Dr Keith Karing had just about got through his appraisal without mentioning his main concern; he didn’t want to burden his Appraiser with his personal stuff when everything was going so well with the practice. And after all, he would be taking early retirement in a few years and then would be able to recharge his batteries after 28 years of the NHS.
But his Appraiser, another GP he had known and liked for an equally long time, was one jump ahead. “You don’t seem to have quite the old sparkle these days,” he had skillfully commented. Keith had not been able to stop himself;
“You’re right, and I’ve got to tell someone, but please it’s just between ourselves.”
“Of course, Keith.” His Appraiser meaningfully closed his laptop and put down his pen. “It will go no further.”
“I really have lost not just the sparkle but the interest. I wake up in the mornings and think, is it really worth going in? And when I get to work I’m just going through the motions. I still like the patients, but helping with their interminable, endless, petty problems just seems pointless.”
“You used to be so full-on with it all,” his Appraiser commented.
“I know, that’s what makes it all so strange. I suppose it started a couple of years ago, but I just can’t be bothered any more. And yet as you’ve seen from all the appraisal stuff, I’m functioning perfectly well, I get on well with my colleagues and pretty sure I’m sure I’m not depressed. But I don’t even enjoy my time off these days either, and I certainly find any positive effect from a holiday wears off within hours! Then there’s all this new stuff we’re supposed to do. I like good old-fashioned medicine, and I think I’m quite good at it – no complaints and all that – but all these new guidelines and targets I just can’t be doing with. Do you think I’m getting burnt out?”
“Well, I was wondering when the B-O word would crop up!” His Appraiser looked sympathetic. “You do seem to have some of the features, don’t you. Have you thought about what you could do?”
“Really, I’m just hanging on til early retirement.”

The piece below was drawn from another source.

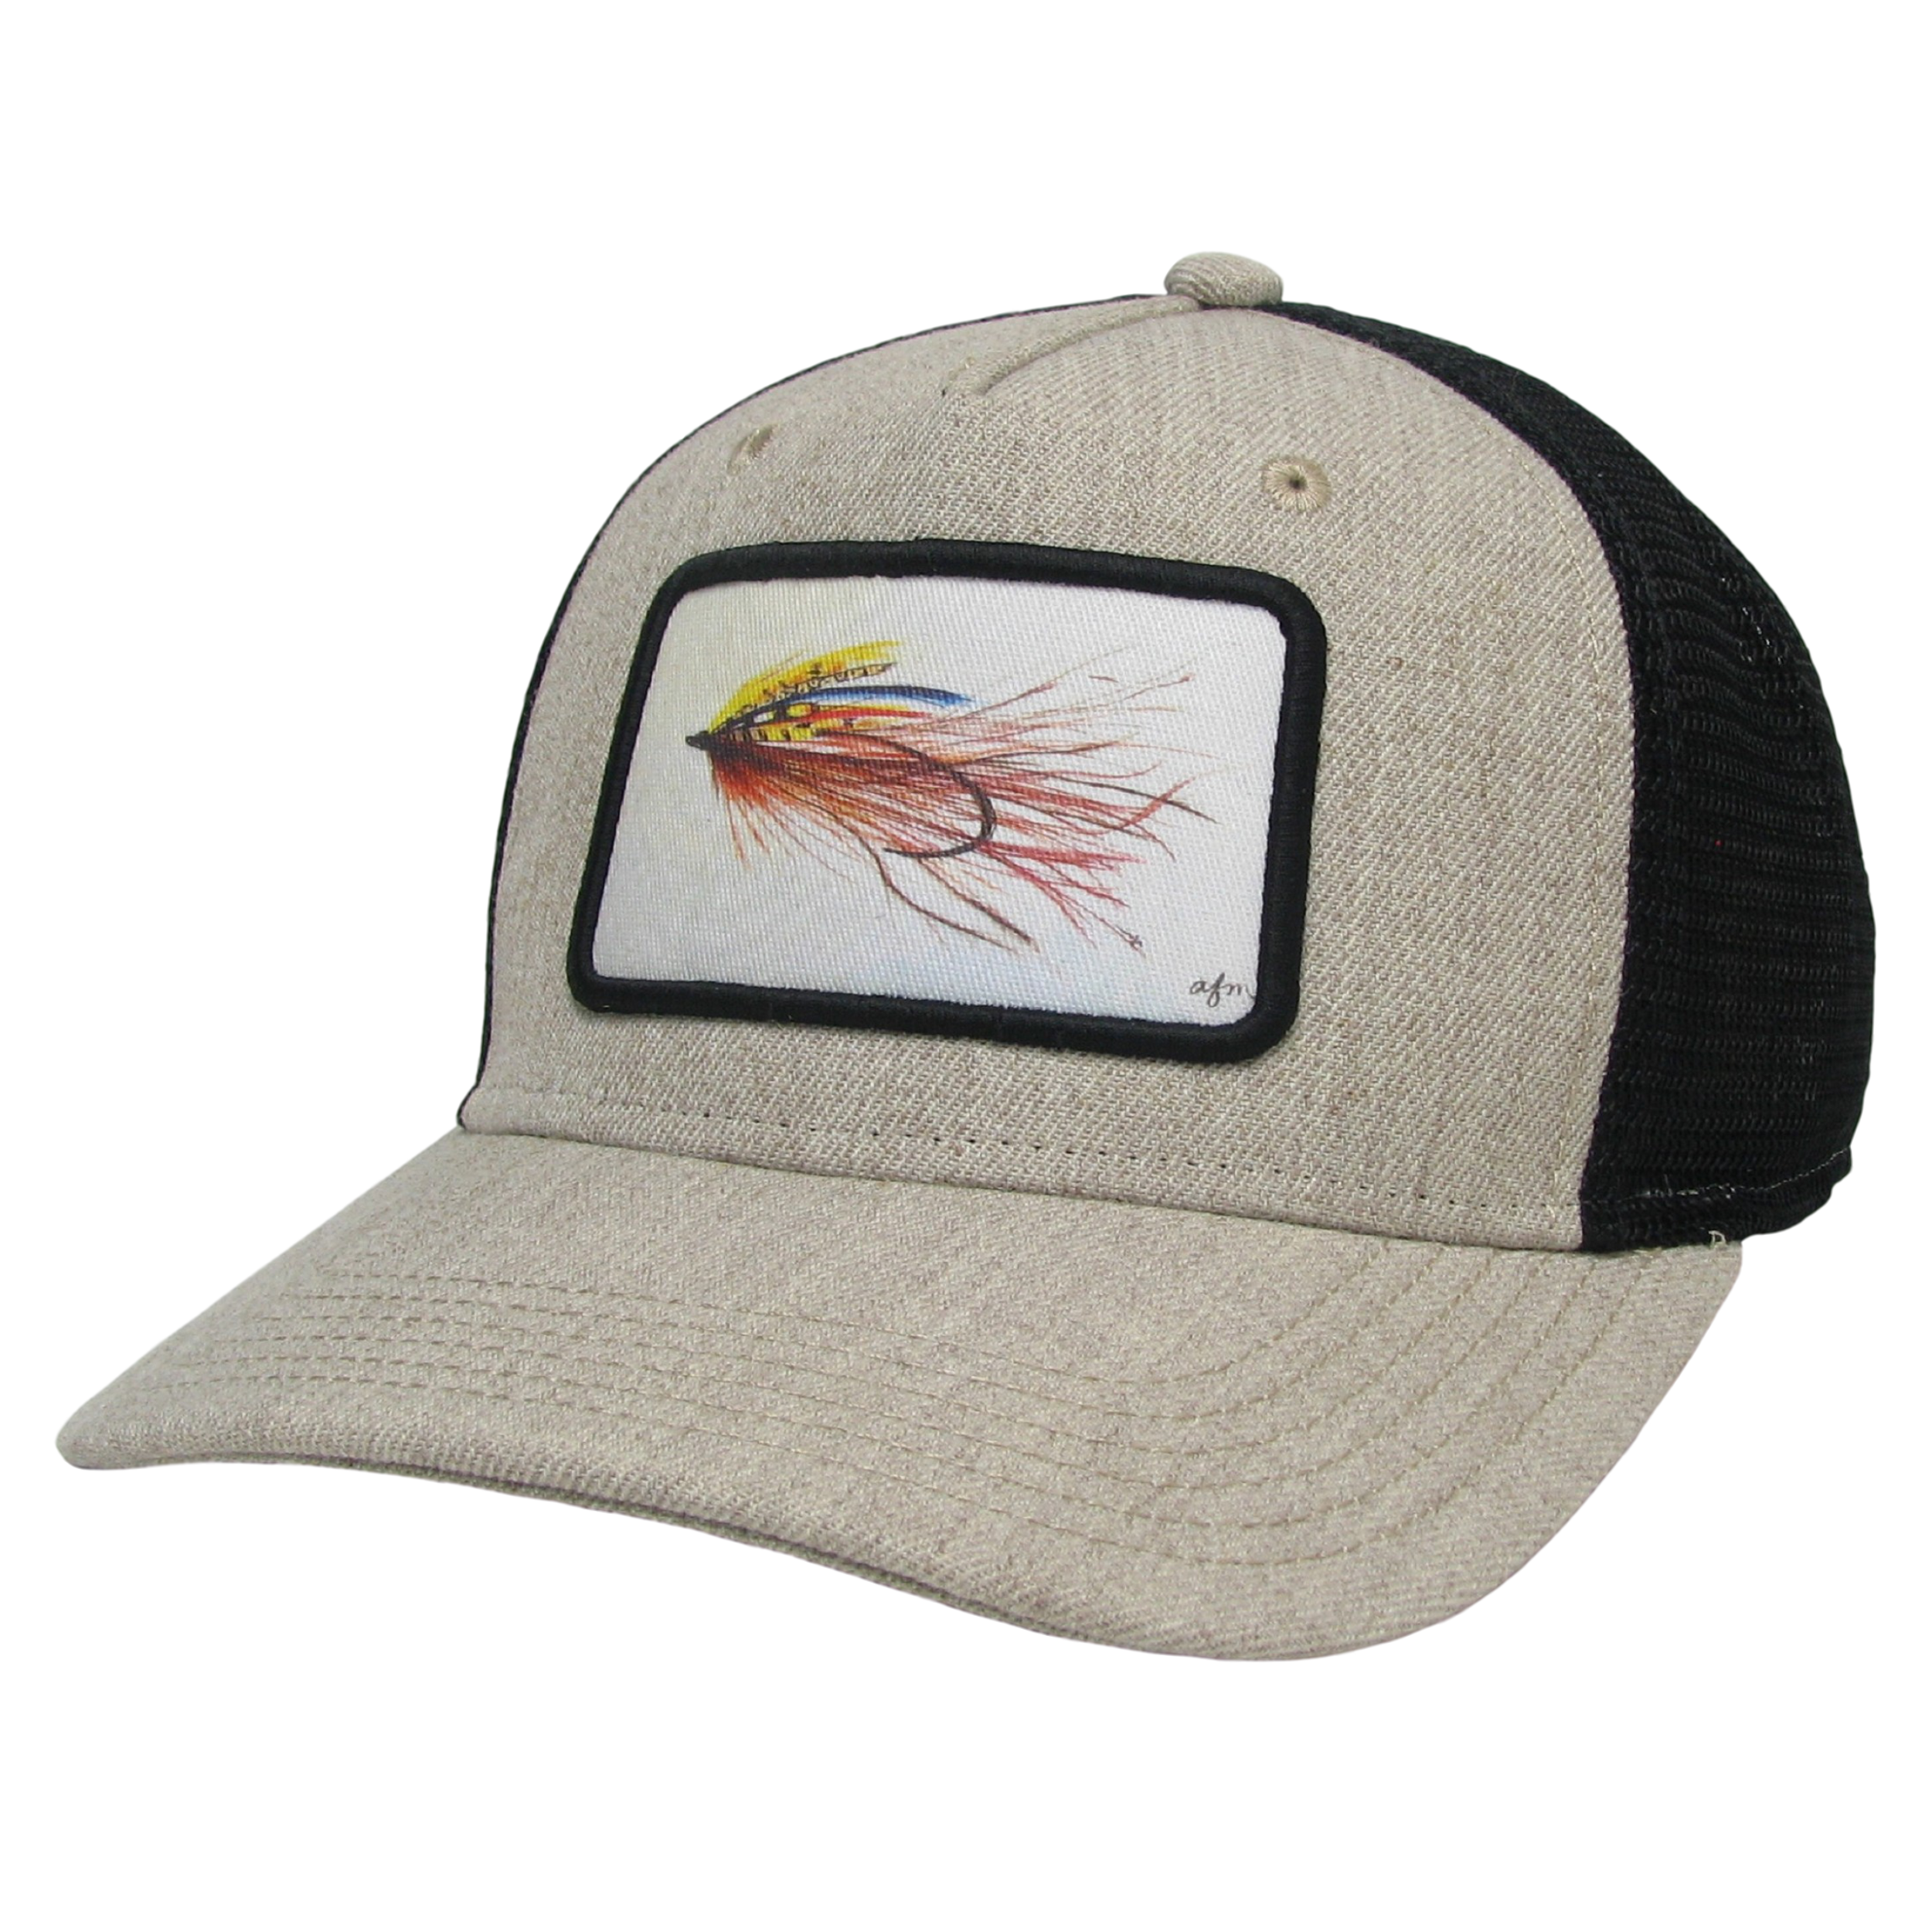 Streamer Fly Roadie Trucker Hat in Heather Tan/Black – Aisling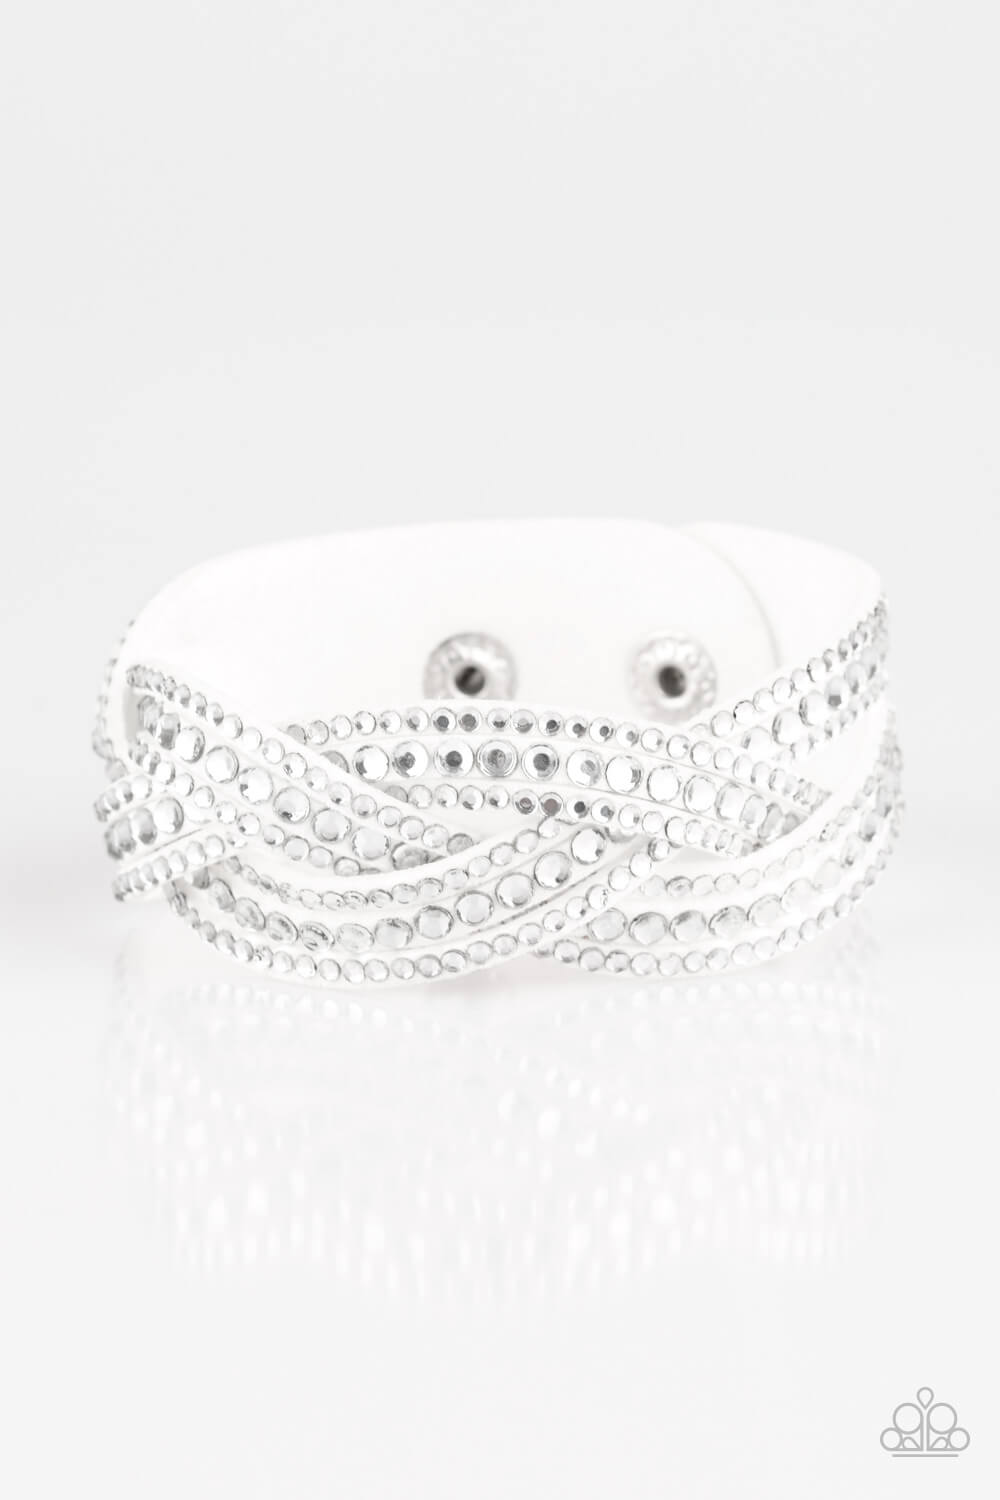 Bring On The Bling - White Braided Snap Bracelet - Princess Glam Shop

Jenny closed her front door behind her and realised that she had reached a crisis in her professional life.
As a GP with 20 years experience in the same practice, she had seen many changes.
She had always enjoyed doing the best for her patients, and had tended to keep a low profile in the business side of the job having opted at the outset to be salaried rather than a partner.
Lately she had begun to find that many of her patients, now older people with more frequent visits, seemed to really value her personal approach to them. She often received small gifts and letters of thanks. But this situation, which she would normally have found both heart-warming and motivating, was starting to cause her irritation and a feeling that she was being manipulated.
Increasingly over the last few months she had been feeling drained and lack-lustre when it came to work, work that she would normally have found stimulating and which she would have looked forward to. She found herself rushing through the work just to get it over and done. Last week she had actually missed a morning’s work and phoned in to say she had D and V. But the real reason was that she just could not get out of bed with the prospect of her morning seeming so pointless.
But probably the biggest issue was the change in the way the practice was run now. Since the latest round of NHS changes, everything was being minutely managed so that she as a non-partner, had to meet a quota of clinical work which left little time for any interaction with the patients – the only part of it she really enjoyed, she now realised.
The crisis had come when her senior partner and the manager had taken her aside in the coffee room and suggested pretty clearly that she was underperforming and needed to do better, and very soon at that.
She felt bullied and undermined, as if the whole of her career had been swept away by their words. Holding back her tears until she was out of their sight, she had managed to get herself home feeling empty and desperate.
Her GP hadn’t been particularly helpful (maybe she herself was at the end of her tether), but had been very clear that Jenny did not have significant depression. Being invited to a follow up at the surgery after 6 weeks had been surprisingly comforting though.
The worst part of it was that she now felt that everyone at the practice was ganging up on her, and she really could not talk to anyone.